• **Instructions to follow**
Would you print the data below exactly, leaving out every picture?

• **Information provided**
──────────

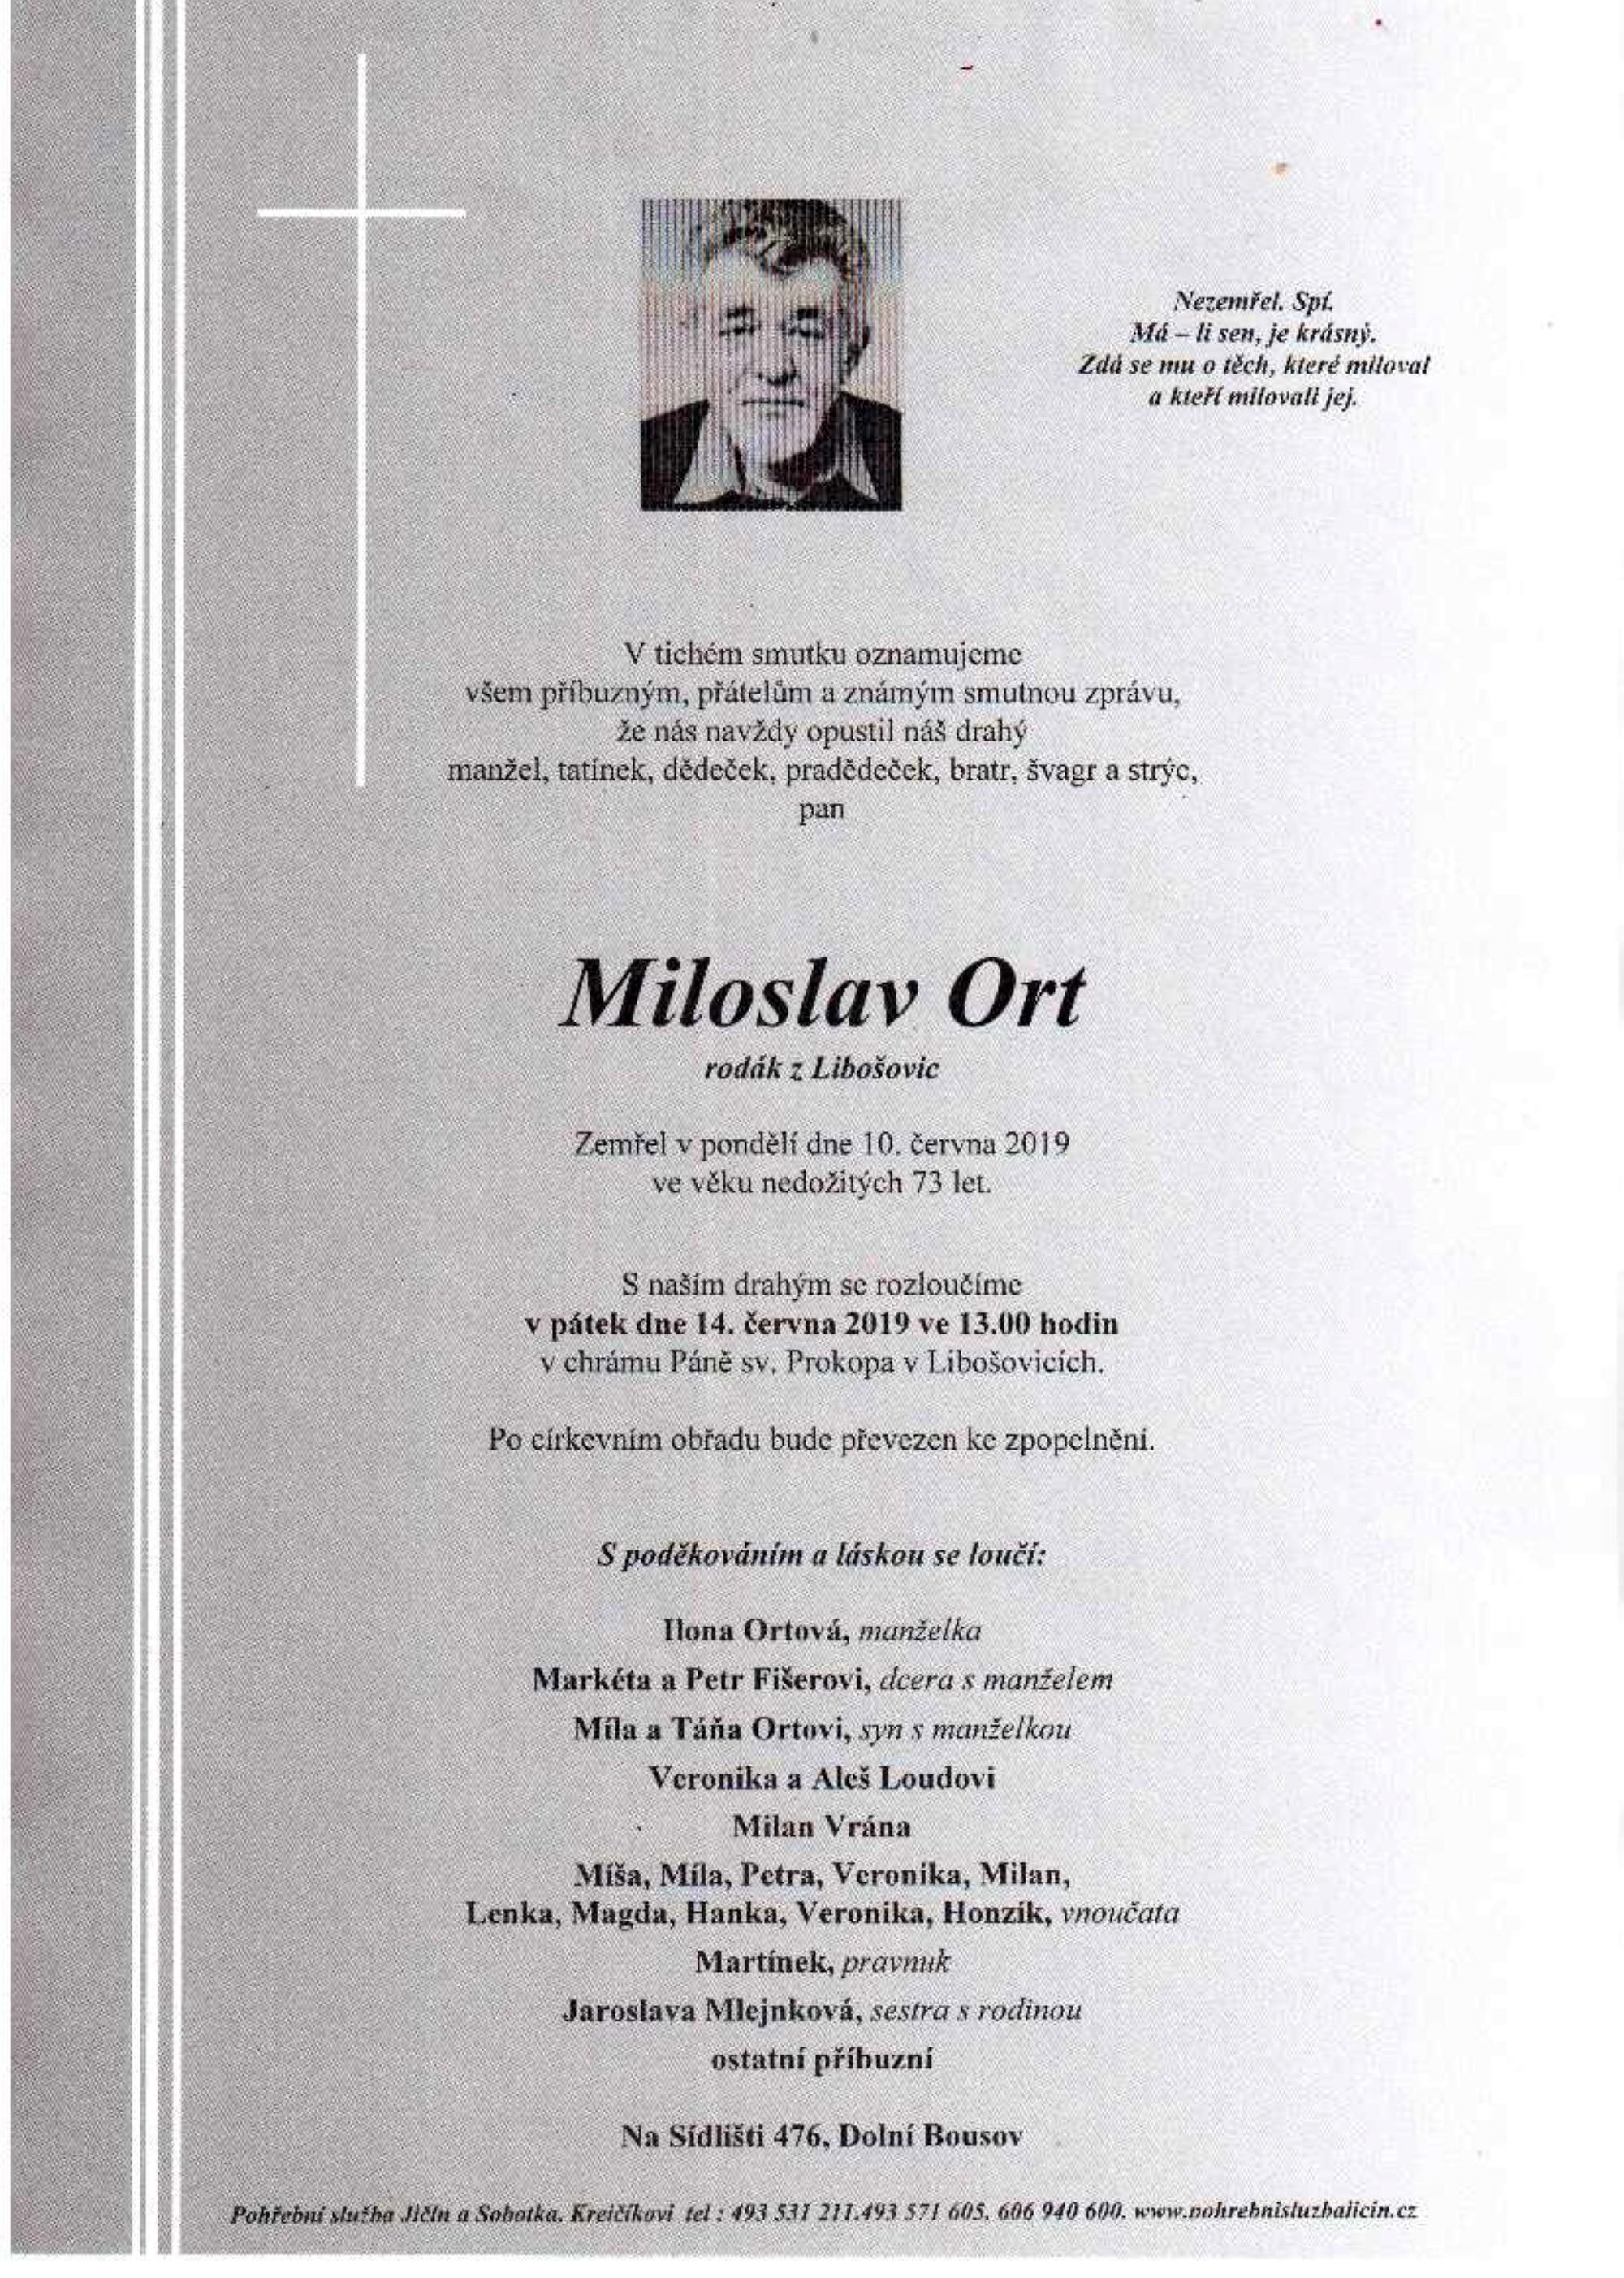 Miloslav Ort
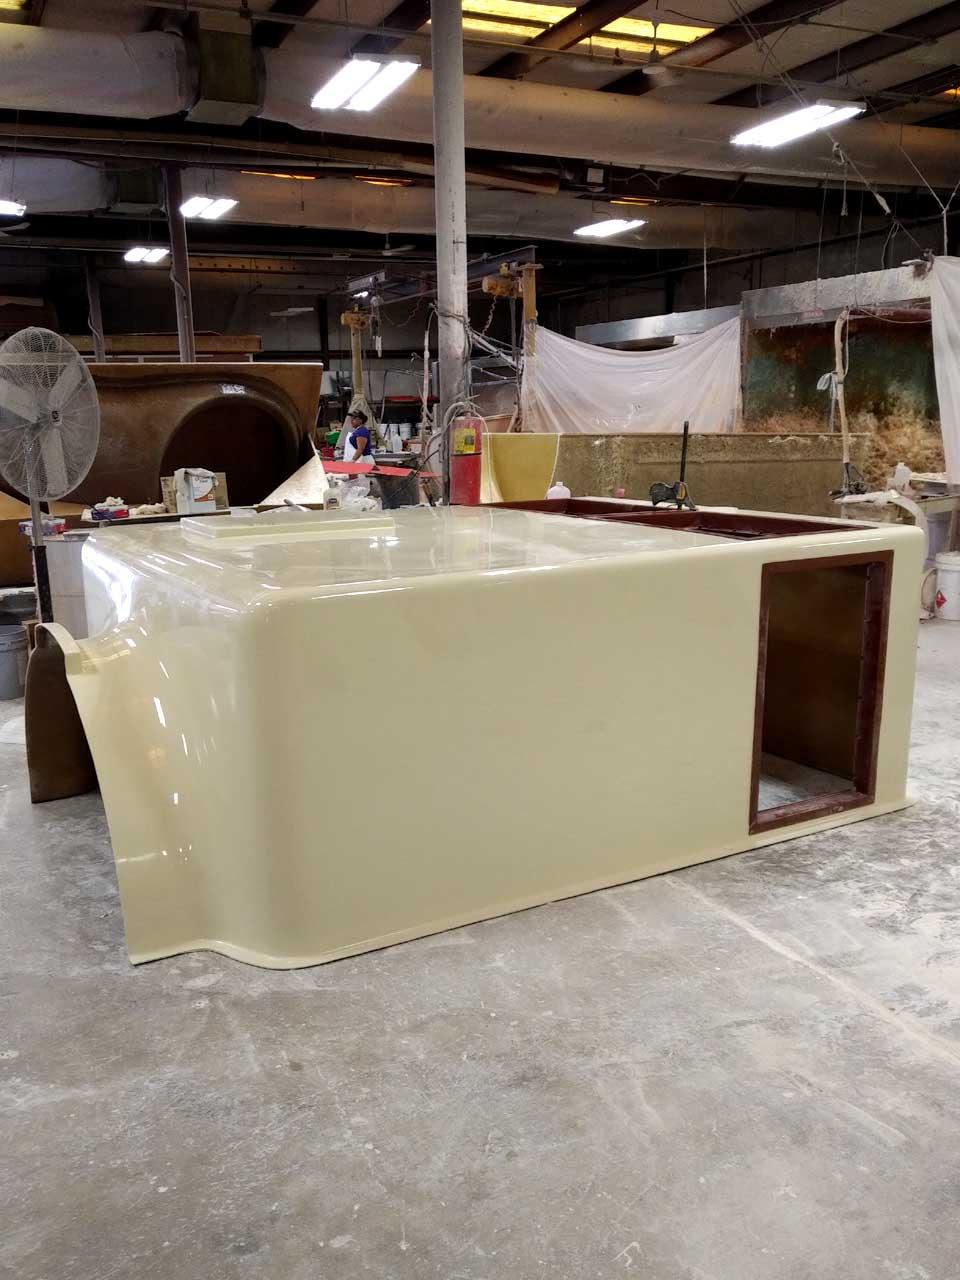 Fiberglas & Plastic Fabricating, Inc
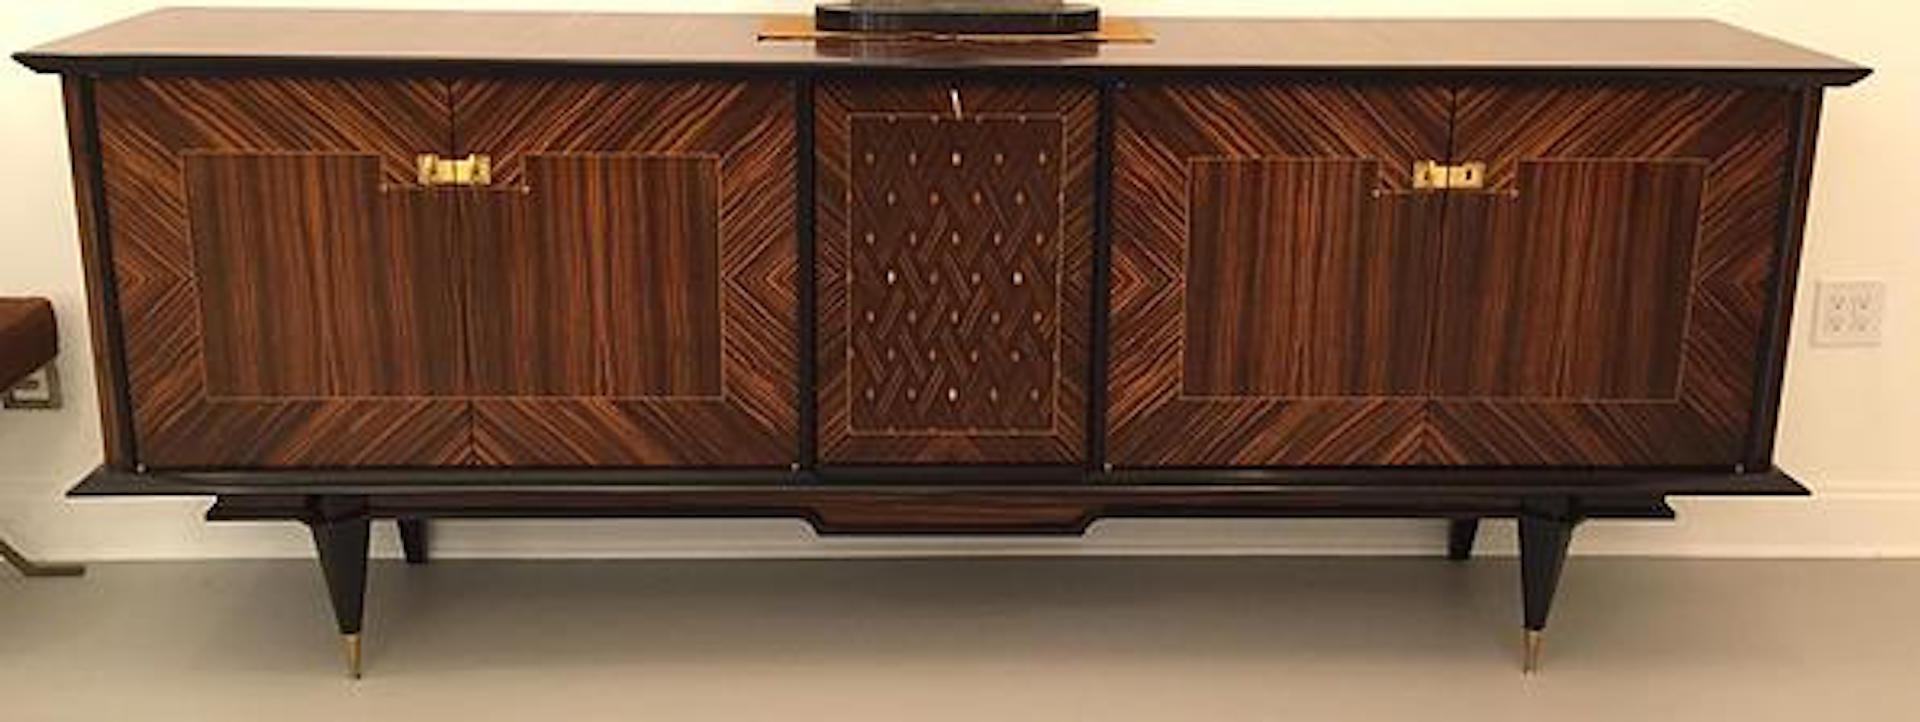 french art deco exotic macassar ebony buffet modernism. Black Bedroom Furniture Sets. Home Design Ideas

──────────

• **Exercise result**
 Miloslav Ort
 Fiberglas & Plastic Fabricating, Inc
 french art deco exotic macassar ebony buffet modernism. Black Bedroom Furniture Sets. Home Design Ideas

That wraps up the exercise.